→ How to complete this task:
Copy the data that follows exactly as it is, excluding all pictures.

→ Data provided:
^^^^

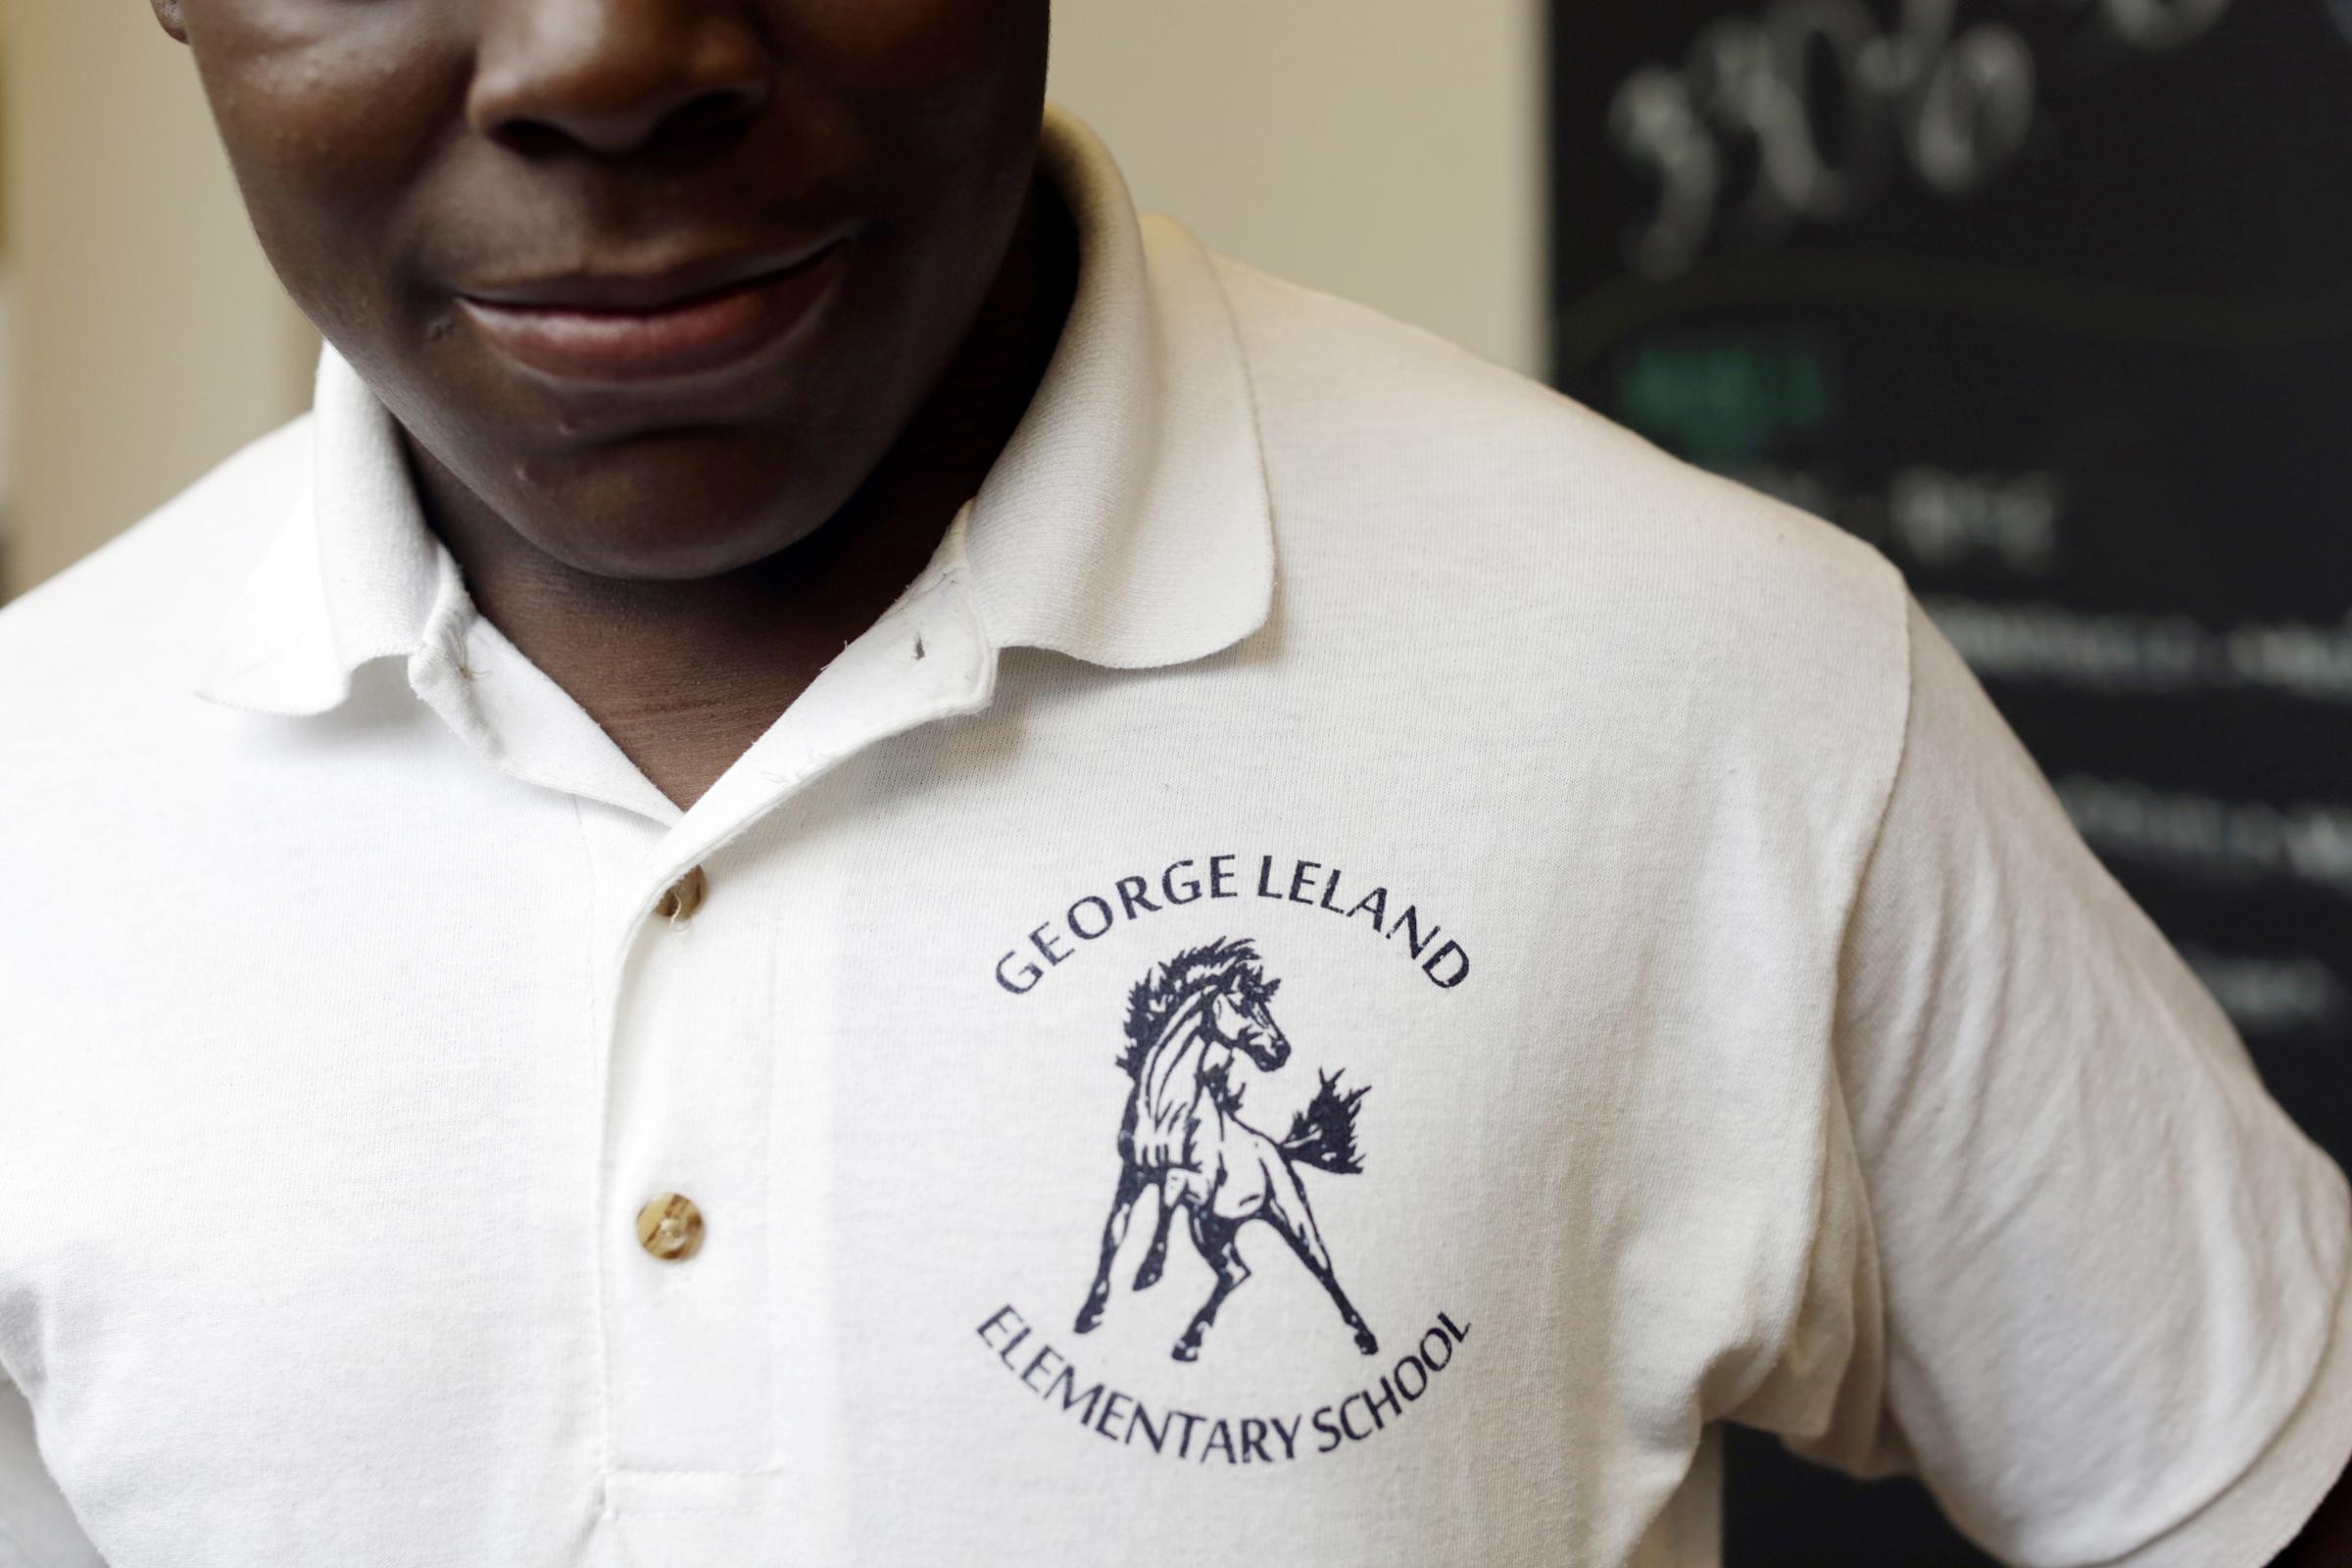 Student Daquian Denton wears a school uniform, a white polo with the logo of George Leland Elementary School.
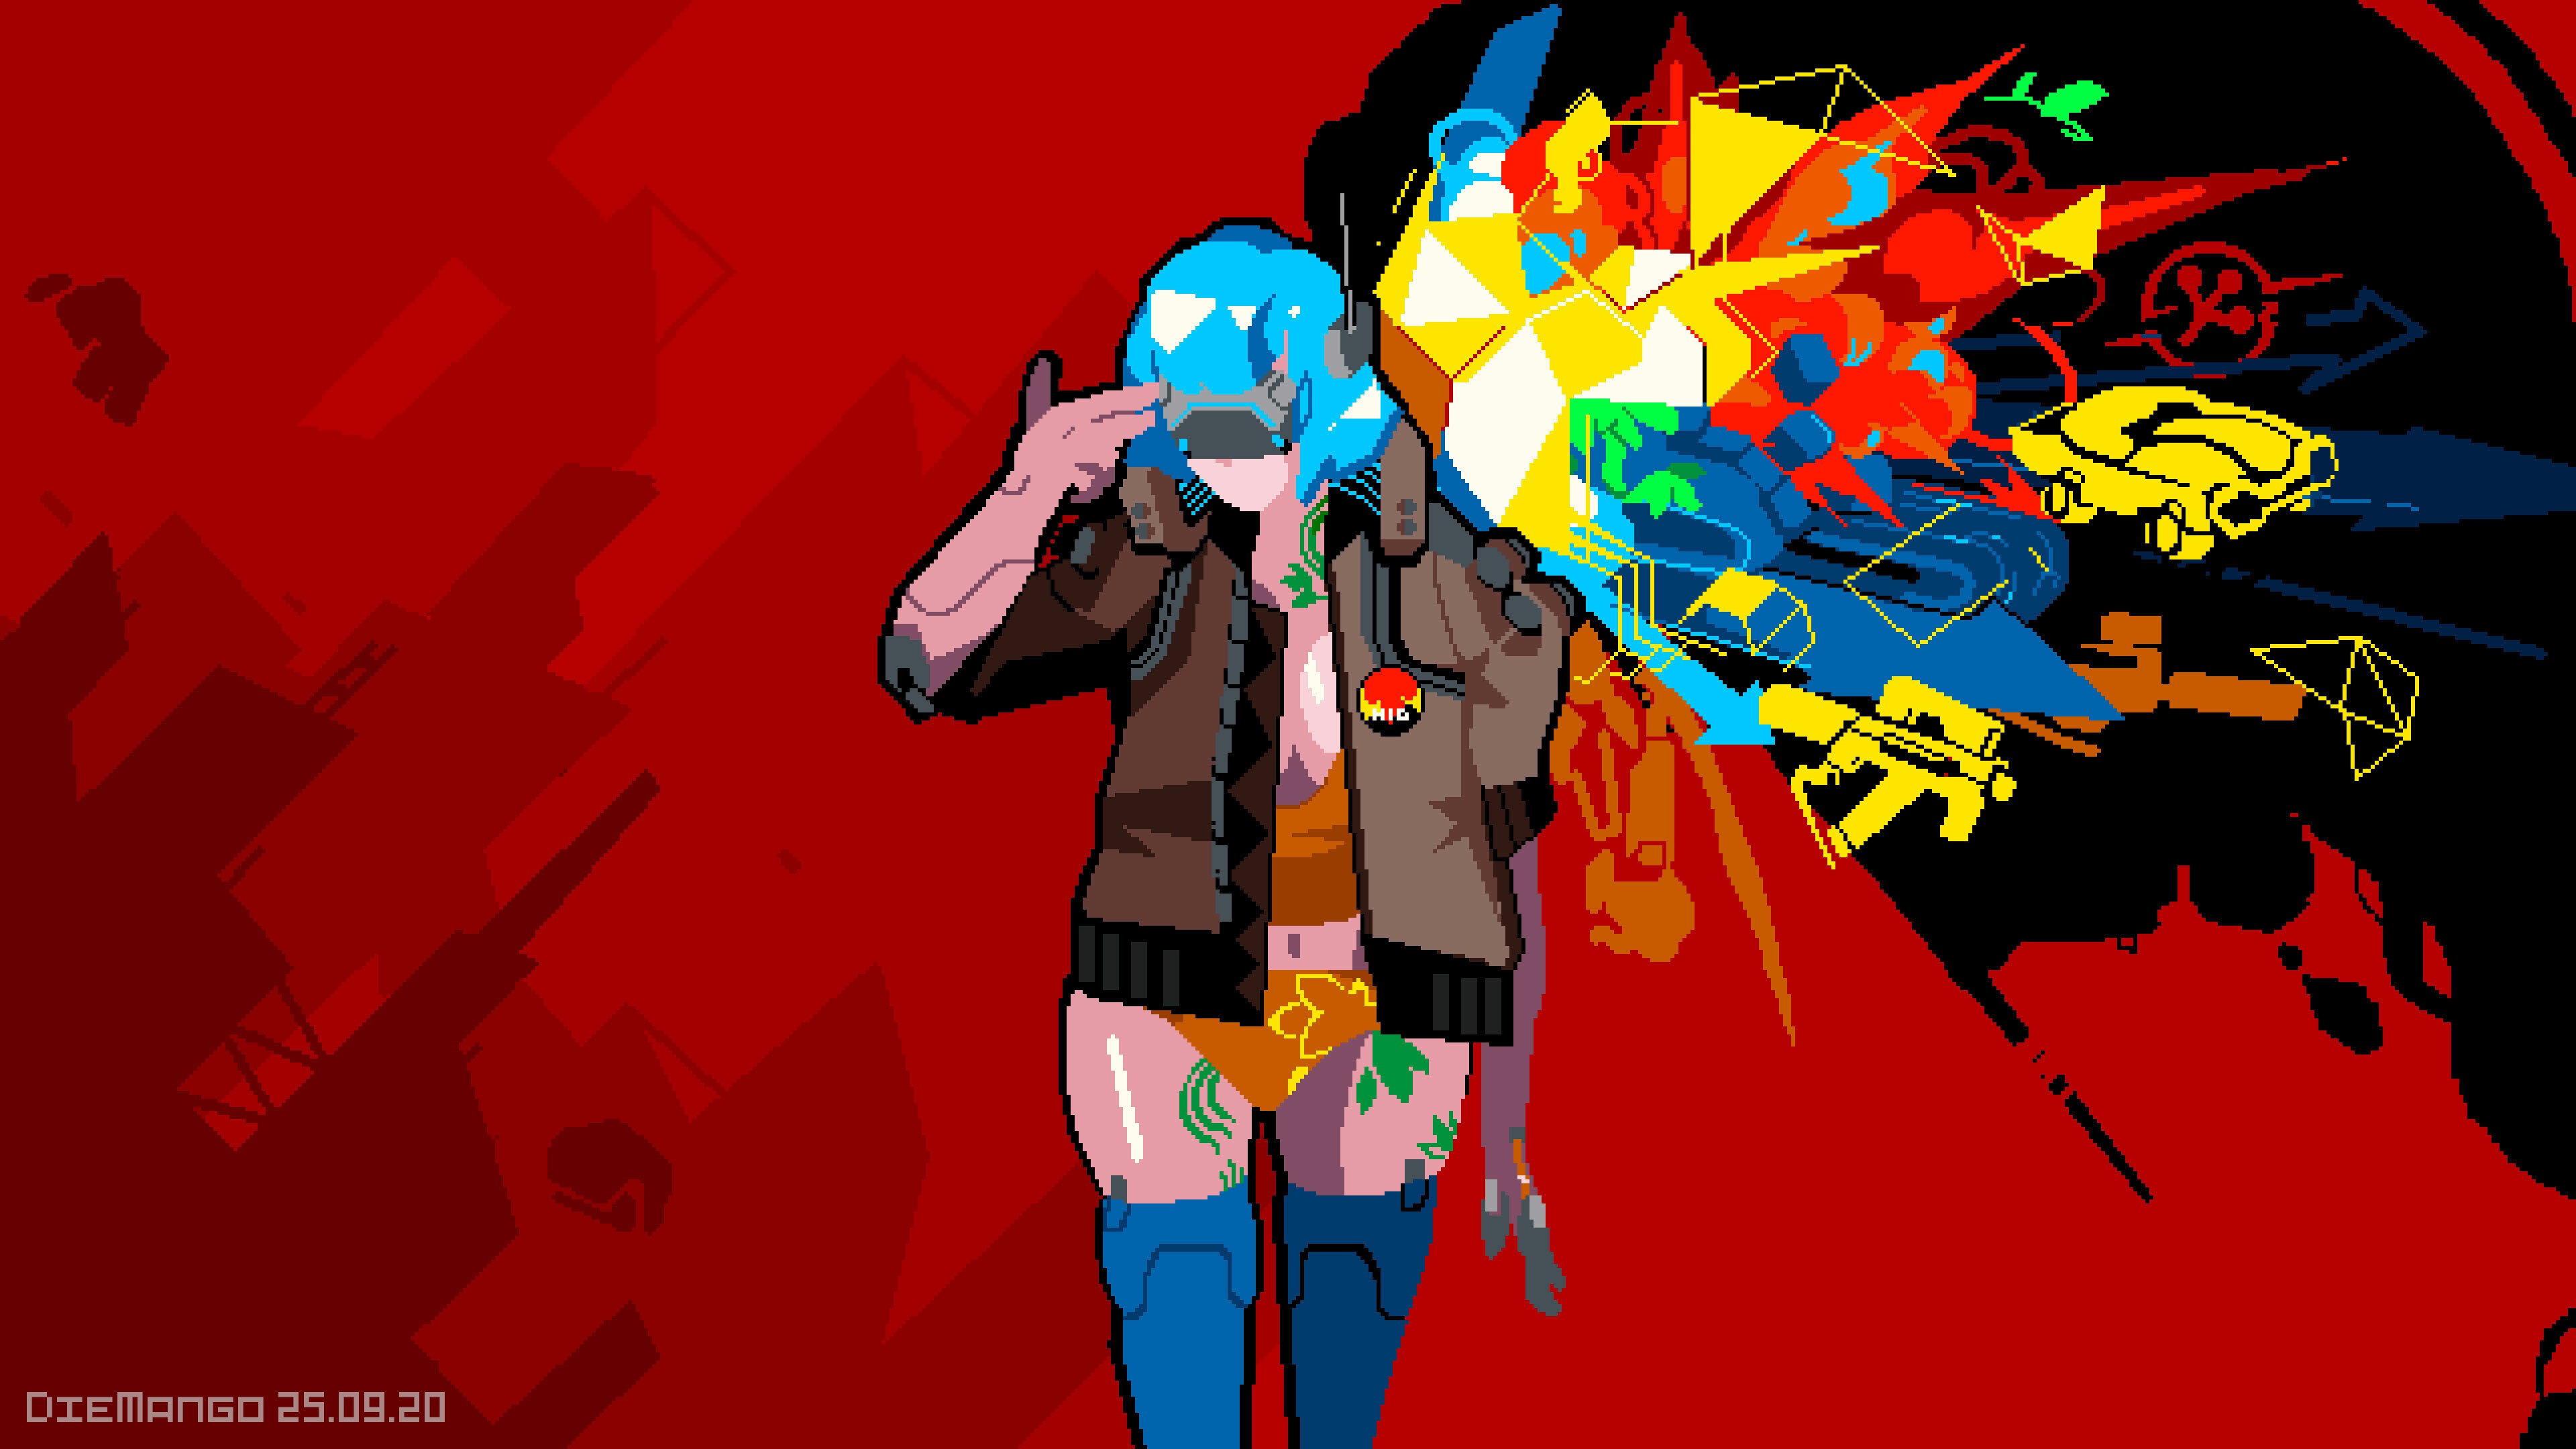 Cyberpunk Artcontest Submission
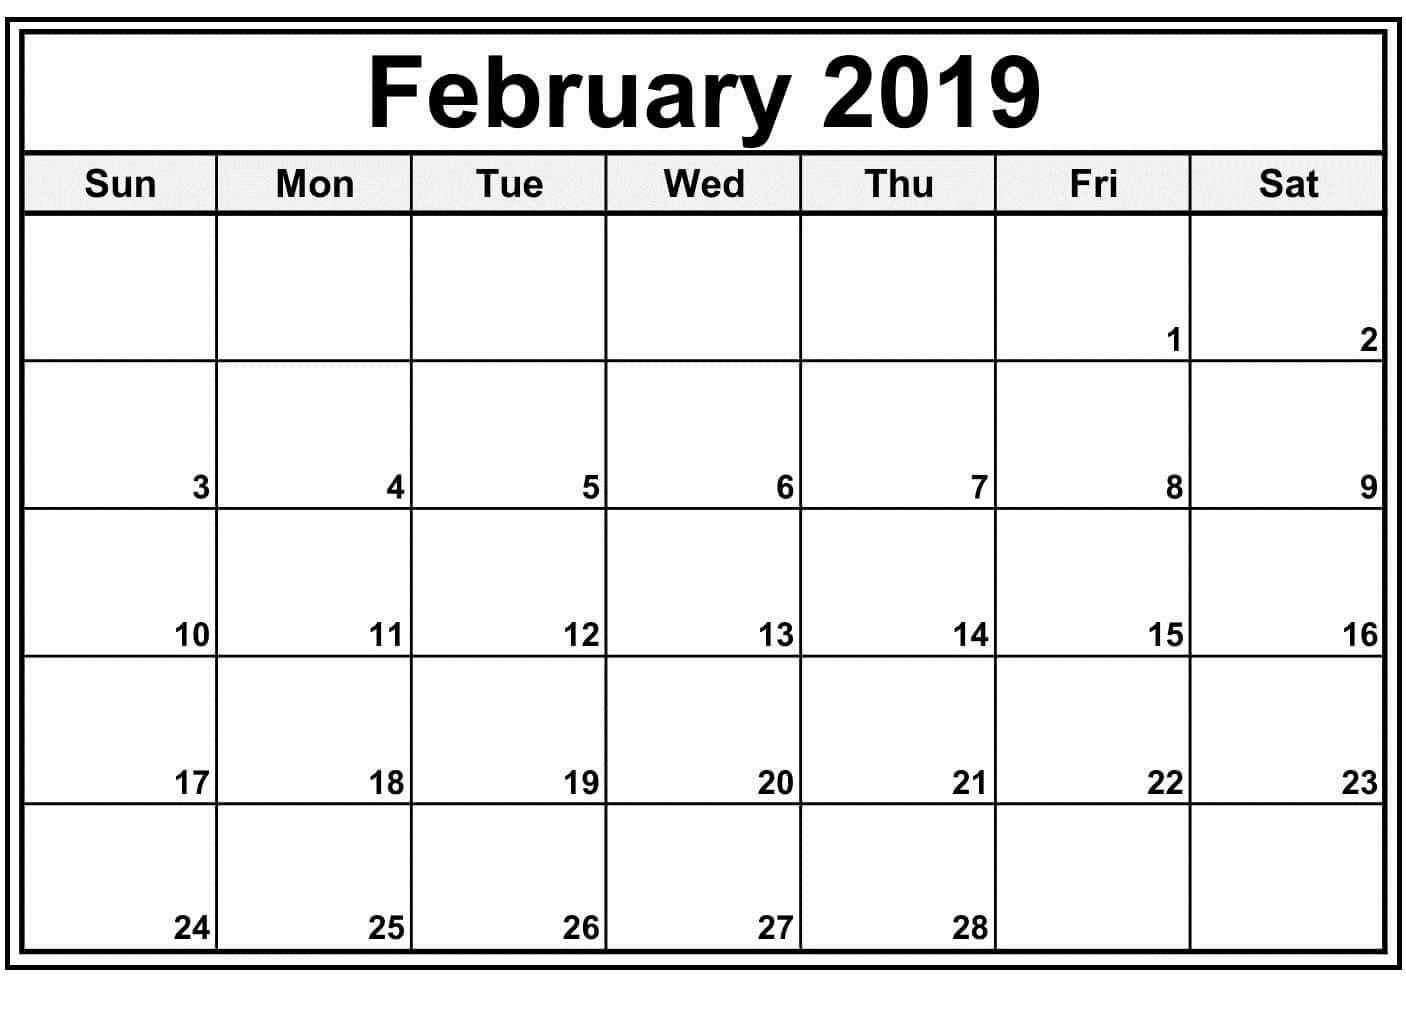 February 2019 Blank Calendar Template Blank Calendar Template

^^^^

→ Output for this task:
 Student Daquian Denton wears a school uniform, a white polo with the logo of George Leland Elementary School.
 Cyberpunk Artcontest Submission
 February 2019 Blank Calendar Template Blank Calendar Template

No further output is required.